Davis Cup: Conspired Frenchmen as role model for Germany

Tennis

Davis Cup: Conspired Frenchmen as role model for Germany

France’s triumph in the Davis Cup shows what a conspiratorial community can achieve. The German national team can also take an example of this.

And that really was it then with the big decisions of the tennis year 2017. With the Davis Cup winner France, who did not do justice to his role as the favourite, but finally did justice to his role as expected. Of course, after this weekend, the question of what-if question arises again, i. e. speculation as to what the first-round loser Germany (against the eventual finalist Belgium) could have achieved in a final match – with the Zverev brothers, Kohlschreiber and Struff.

And one might suspect that nothing more than the brave, bold Belgium with its outstandingly outstanding David Goffin, who scored two individual points. Alexander Zverev showed signs of fatigue during the ATP World Tour Final, whether he could have pulled himself up to a massive effort in the Davis Cup final, remains questionable. In addition, the other Germans didn’t have a golden tennis fall either. At the end of the day, we should be happy that relegation to the second division has been avoided and that a new start can be made in the world group next year.

France appears to be the logical winner of this competition, which in 2017 also developed its charisma mainly in those countries that were involved in the final match for the cup. The golden generation of the Grande Nation is talked about with pleasure, but as individualists they have almost all fallen behind their possibilities – whether Richard Gasquet, Jo-Wilfried Tsonga or Gael Monfils, who did not compete in the final. In the widely acclaimed breadth, the French are superb, but none of the musketeers have been able to intervene in the last decade in the power play around the very exquisite world rankings and titles.

Only the big four played the beat, Roger Federer, Rafael Nadal, Novak Djokovic and Andy Murray. And the only troublemaker for this group of extraordinary gentlemen was the muscleman Stan Wawrinka. However, France only joined the circle of many Grand Slam nations which, despite the lavish proceeds from the major competitions, did not produce any more champions on the tennis tour – this applies to the USA as well as to Australia. Only the British were the last ones to cut Murray out of line.

However, the Davis Cup victory corresponds to a tennis feeling typical of France, namely the ideal of a conspiratorial community fighting its way to victory. Hardly any other country lives and loves the Davis Cup as much as France, which applies to players and fans alike. And for a man like Captain Yannick Noah, the last French Grand Slam winner.

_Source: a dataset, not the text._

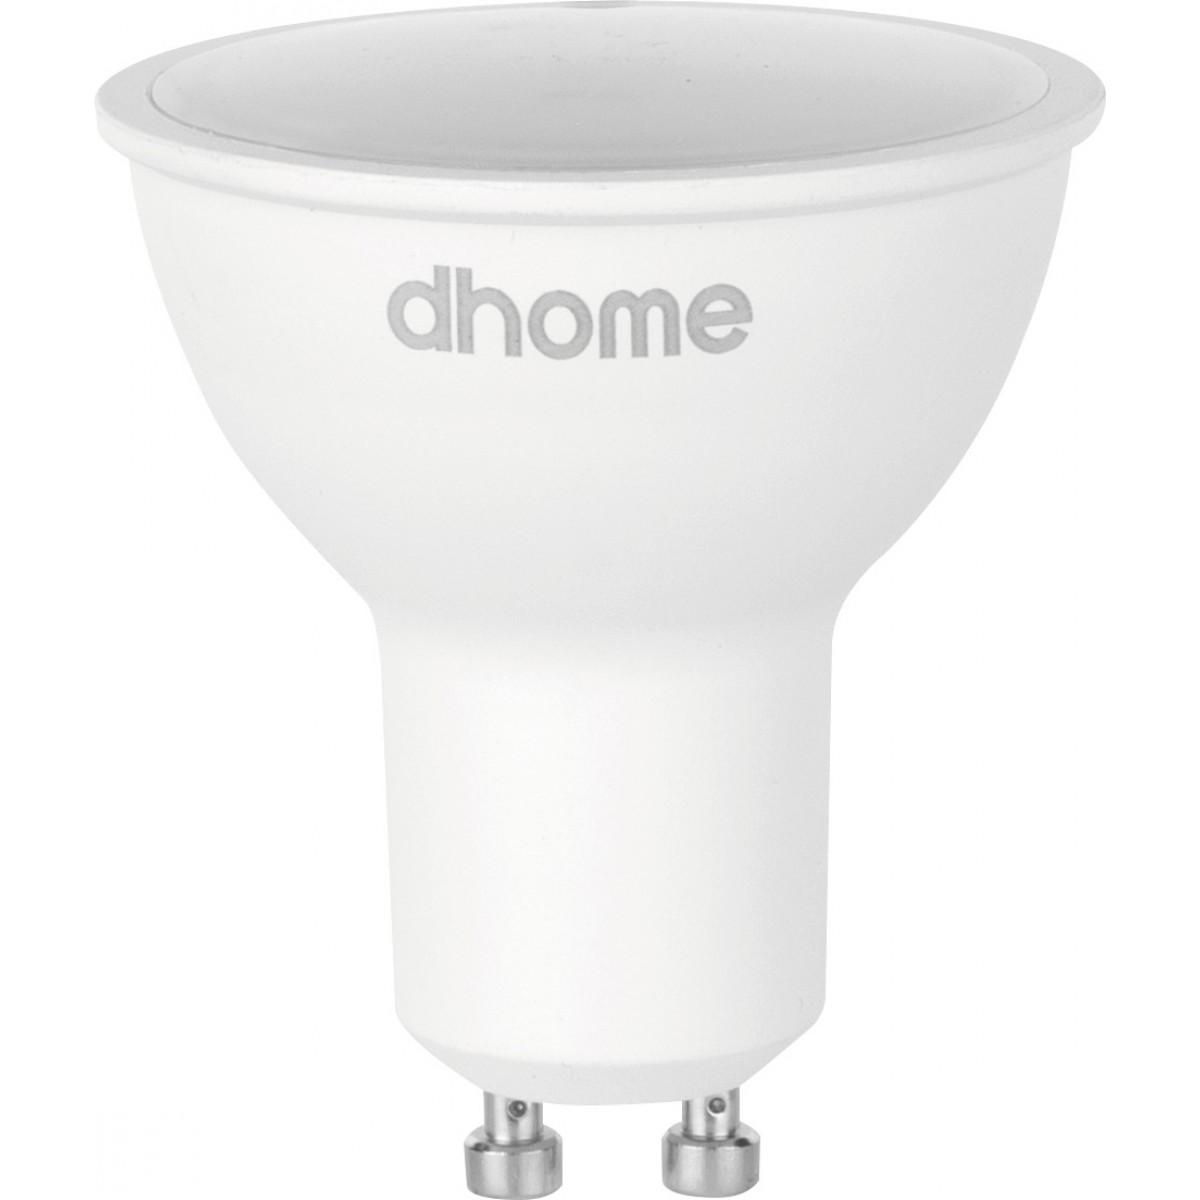 Ampoule LED GU10 dhome - 100° - 420 Lumens - 6 W - 4000 K - Vendu par 10

As early as the 1990s, when the Davis Cup was of much greater significance worldwide, France was involved in major Davis Cup dramas on a number of occasions, including the victory over the USA in Lyon in 1991. Henri Leconte and Guy Forget formed the French core team against the superstars Pete Sampras and Andre Agassi and the world-class double flat Seguso. Charismatic captain even then: Yannick Noah. Monsieur Coupe Davis.